Remote storage over SSH/SFTP.

Basic Setup

dvc remote add sshremote ssh://user@example.com:/path/to/storage

Authentication

user
string
SSH username.
password
string
SSH password (not recommended, use key-based auth).
ask_password
boolean
Prompt for password interactively.
keyfile
string
Path to SSH private key file.
passphrase
string
Passphrase for encrypted private key.
ask_passphrase
boolean
Prompt for passphrase interactively.
gss_auth
boolean
Use GSS-API authentication.
allow_agent
boolean
Allow SSH agent for authentication.

Connection Settings

port
integer
default:"22"
SSH port number.
timeout
integer
Connection timeout in seconds.
max_sessions
integer
Maximum number of concurrent SSH sessions.

Cache Settings

type
string
Cache link type on remote: reflink, hardlink, symlink, or copy.

Example

dvc remote add ssh ssh://user@server.com:/data/dvc-storage
dvc remote modify ssh port 2222
dvc remote modify ssh keyfile ~/.ssh/id_rsa_dvc

HDFS

Hadoop Distributed File System.

Basic Setup

dvc remote add hdfsremote hdfs://namenode:8020/path/to/storage

Parameters

user
string
HDFS username.
kerb_ticket
string
Path to Kerberos ticket cache file.
replication
integer
HDFS replication factor.

WebHDFS

Web-based HDFS access.

Basic Setup

dvc remote add webhdfs webhdfs://namenode:50070/path/to/storage

Authentication

user
string
WebHDFS username.
password
string
WebHDFS password.
kerberos
boolean
Use Kerberos authentication.
kerberos_principal
string
Kerberos principal name.
token
string
Delegation token.

Settings

use_https
boolean
Use HTTPS instead of HTTP.
ssl_verify
boolean | string
Verify SSL certificates.
proxy_to
string
Proxy to specific DataNode.
data_proxy_target
string
Target for data proxy operations.

Alibaba OSS

Alibaba Cloud Object Storage Service.

Basic Setup

dvc remote add oss oss://mybucket/path

Authentication

oss_key_id
string
OSS access key ID.
oss_key_secret
string
OSS access key secret.
oss_endpoint
string
OSS endpoint URL (e.g., oss-cn-hangzhou.aliyuncs.com).

Example

dvc remote add oss oss://my-bucket/dvc-storage
dvc remote modify oss oss_endpoint oss-cn-beijing.aliyuncs.com
dvc config --local remote.oss.oss_key_id YOUR_KEY_ID
dvc config --local remote.oss.oss_key_secret YOUR_KEY_SECRET

Google Drive

Google Drive backend (experimental).

Basic Setup

dvc remote add gdrive gdrive://folder-id

Authentication

gdrive_client_id
string
Google OAuth client ID.
gdrive_client_secret
string
Google OAuth client secret.
gdrive_user_credentials_file
string
Path to user credentials file.

Service Account

gdrive_use_service_account
boolean
Use service account for authentication.
gdrive_service_account_json_file_path
string
Path to service account JSON file.
gdrive_service_account_user_email
string
Email for service account impersonation.

Settings

gdrive_trash_only
boolean
default:"false"
Move files to trash instead of permanent deletion.
gdrive_acknowledge_abuse
boolean
default:"false"
Acknowledge abuse risk when downloading flagged files.

HTTP / HTTPS

Read-only remote over HTTP(S).

Basic Setup

dvc remote add httpremote https://example.com/data

Authentication

auth
string
Authentication method: basic, digest, or custom.
user
string
Username for basic/digest auth.
password
string
Password for authentication.
ask_password
boolean
Prompt for password interactively.
custom_auth_header
string
Custom authentication header value.Example: Bearer YOUR_TOKEN

Connection Settings

ssl_verify
boolean | string
Verify SSL certificates.
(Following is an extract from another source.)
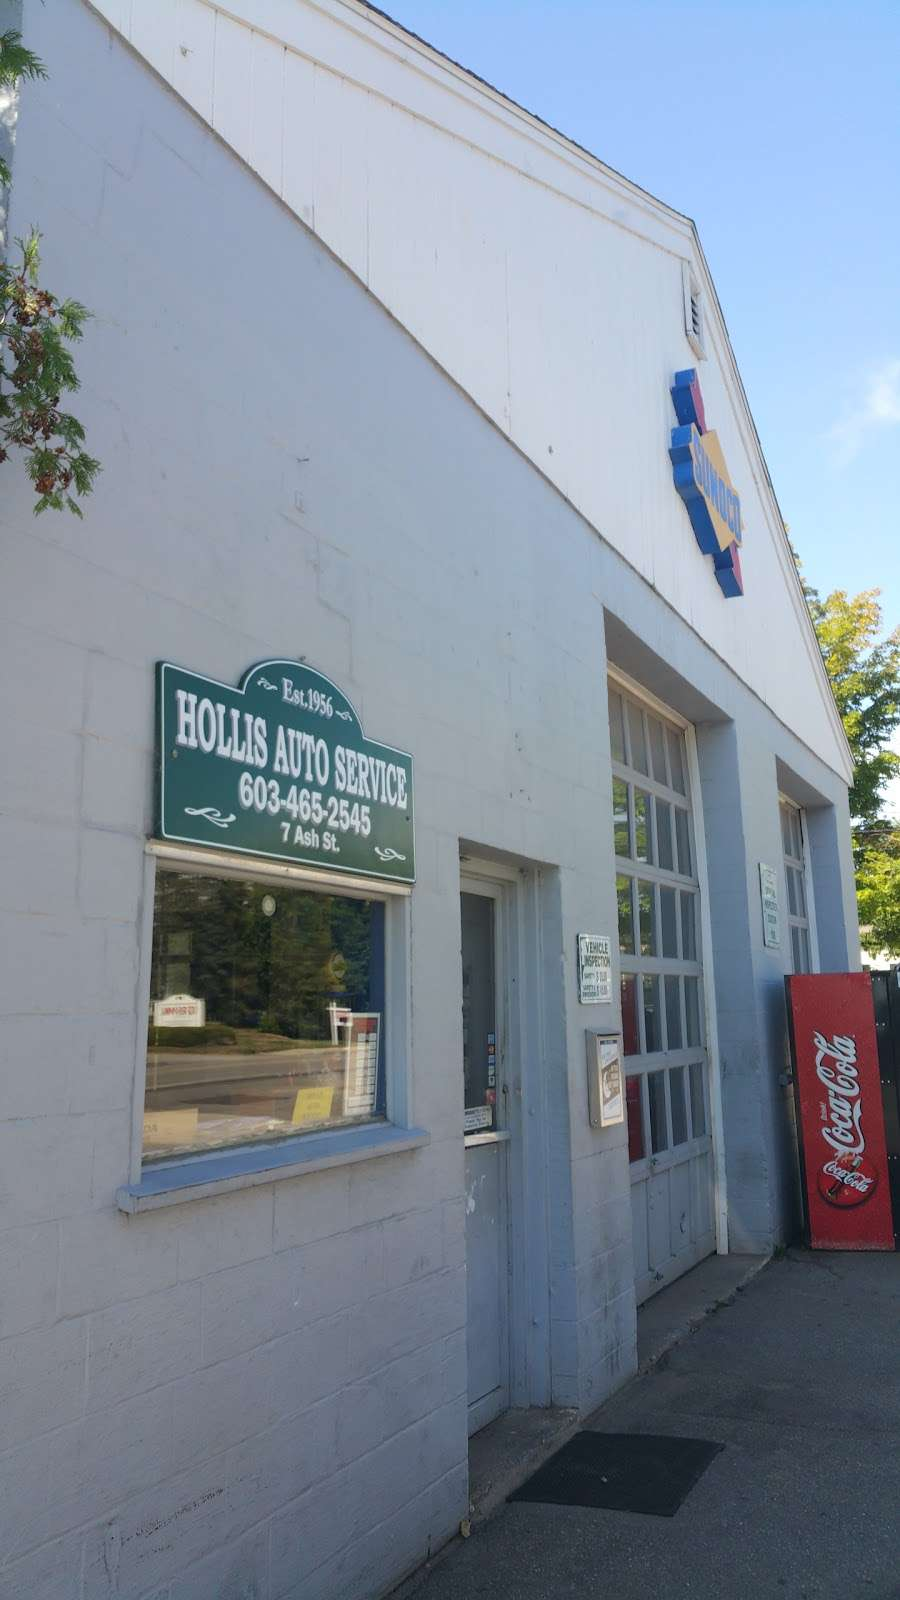 Sunoco Gas Station - gas station  | Photo 1 of 3 | Address: 7 Ash St, Hollis, NH 03049, USA | Phone: (603) 465-2545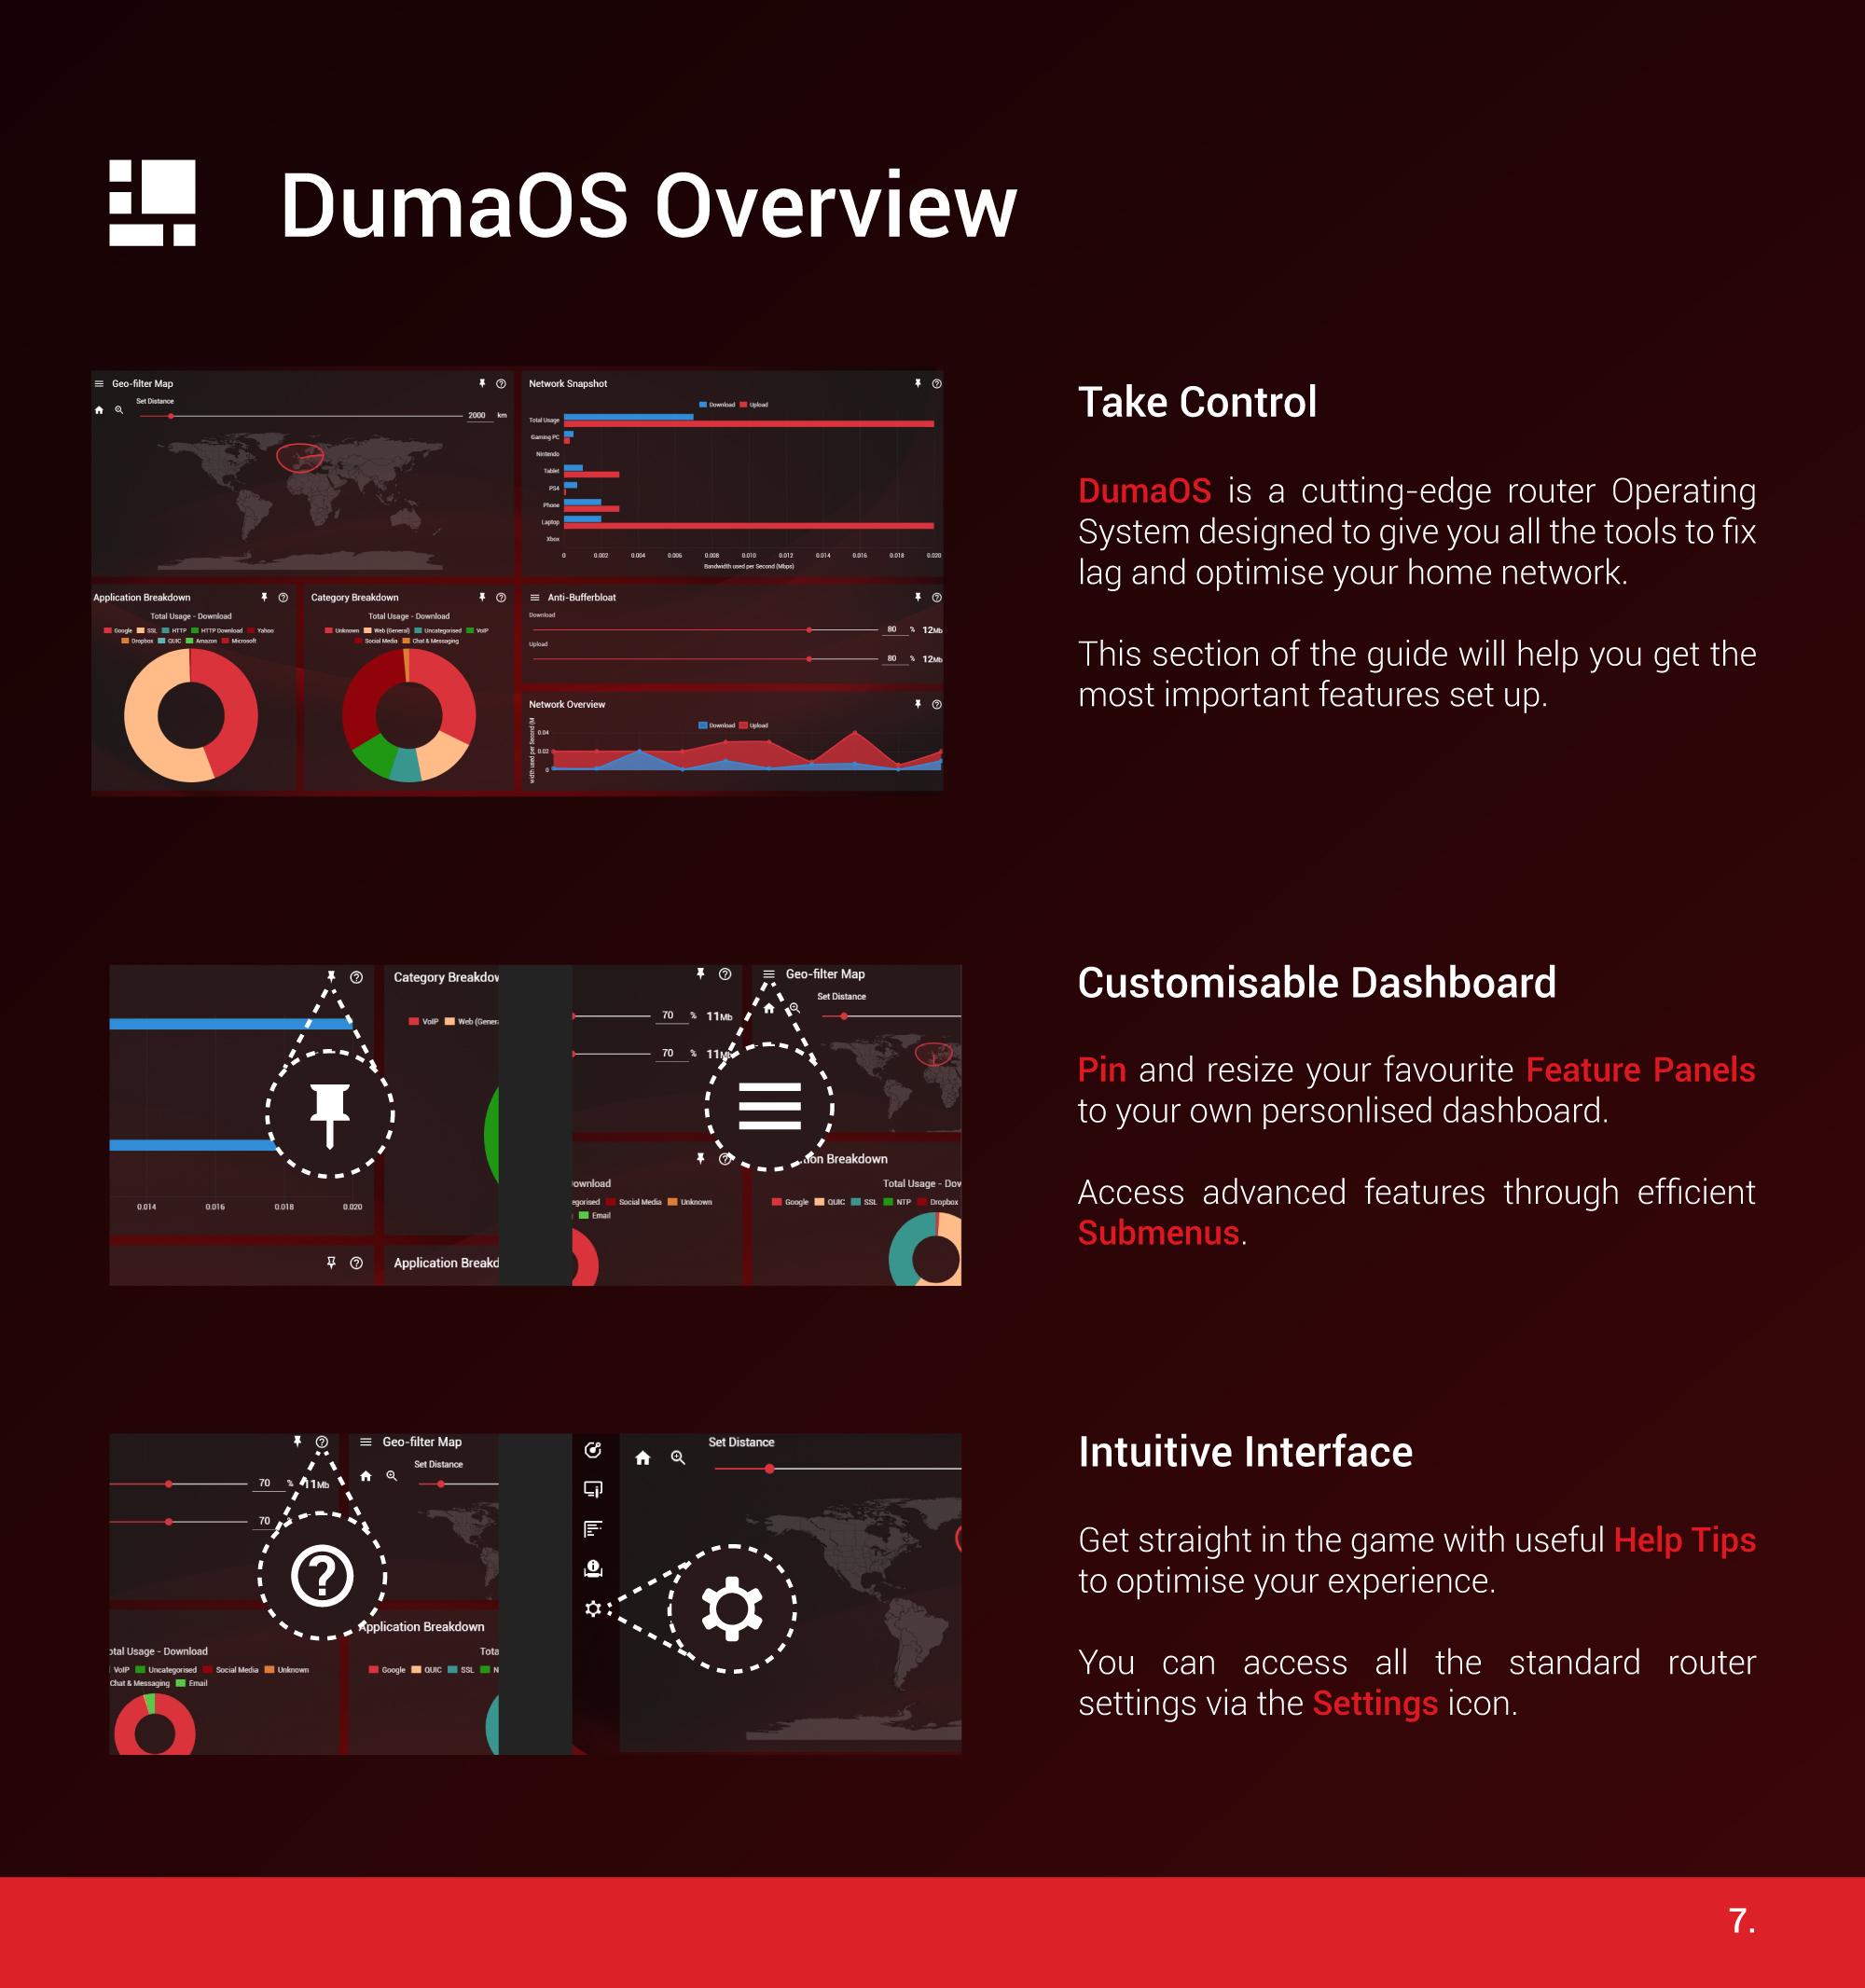 DumaOS Update - Recent Progress - Page 3 - News & Announcements

Can be true, false, or path to CA bundle.
method
string
HTTP method to use (default: GET).
connect_timeout
number
Connection timeout in seconds.
read_timeout
number
Read timeout in seconds.

WebDAV / WebDAVs

WebDAV protocol support.

Basic Setup

dvc remote add webdav webdavs://example.com/dvc-storage

Authentication

user
string
Username.
password
string
Password.
ask_password
boolean
Prompt for password.
token
string
Authentication token.
bearer_token_command
string
Command to generate bearer token dynamically.
custom_auth_header
string
Custom authentication header.

SSL/TLS

cert_path
string
Path to client certificate.
key_path
string
Path to client private key.
ssl_verify
boolean | string
Verify SSL certificates.
timeout
integer
Connection timeout in seconds.

Best Practices

Use .dvc/config.local for sensitive data:
# Add remote (tracked by Git)
dvc remote add storage s3://bucket/path

# Add credentials (git-ignored)
dvc config --local remote.storage.access_key_id YOUR_KEY
dvc config --local remote.storage.secret_access_key YOUR_SECRET
Or use environment variables:
export AWS_ACCESS_KEY_ID=YOUR_KEY
export AWS_SECRET_ACCESS_KEY=YOUR_SECRET
Configure different remotes for different purposes:
# Production storage
dvc remote add -d production s3://prod-bucket/data

# Backup storage
dvc remote add backup gs://backup-bucket/data

# Local cache for fast access
dvc remote add local /mnt/fast-storage

# Push to specific remote
dvc push -r backup
When running on cloud instances, use IAM roles instead of access keys:AWS EC2:
# No credentials needed - uses instance profile
dvc remote add storage s3://bucket/path
Azure VM:
# Uses managed identity
dvc remote add storage azure://container/path
dvc remote modify storage account_name myaccount
Adjust job counts based on your network and CPU:
# Increase for fast networks
dvc remote modify storage jobs 16
dvc remote modify storage checksum_jobs 16

# Reduce for slow connections or limited CPU
dvc remote modify storage jobs 2
dvc remote modify storage checksum_jobs 2
For important datasets, enable post-transfer verification:
dvc remote modify storage verify true
Verification doubles the time needed for transfers but ensures data integrity.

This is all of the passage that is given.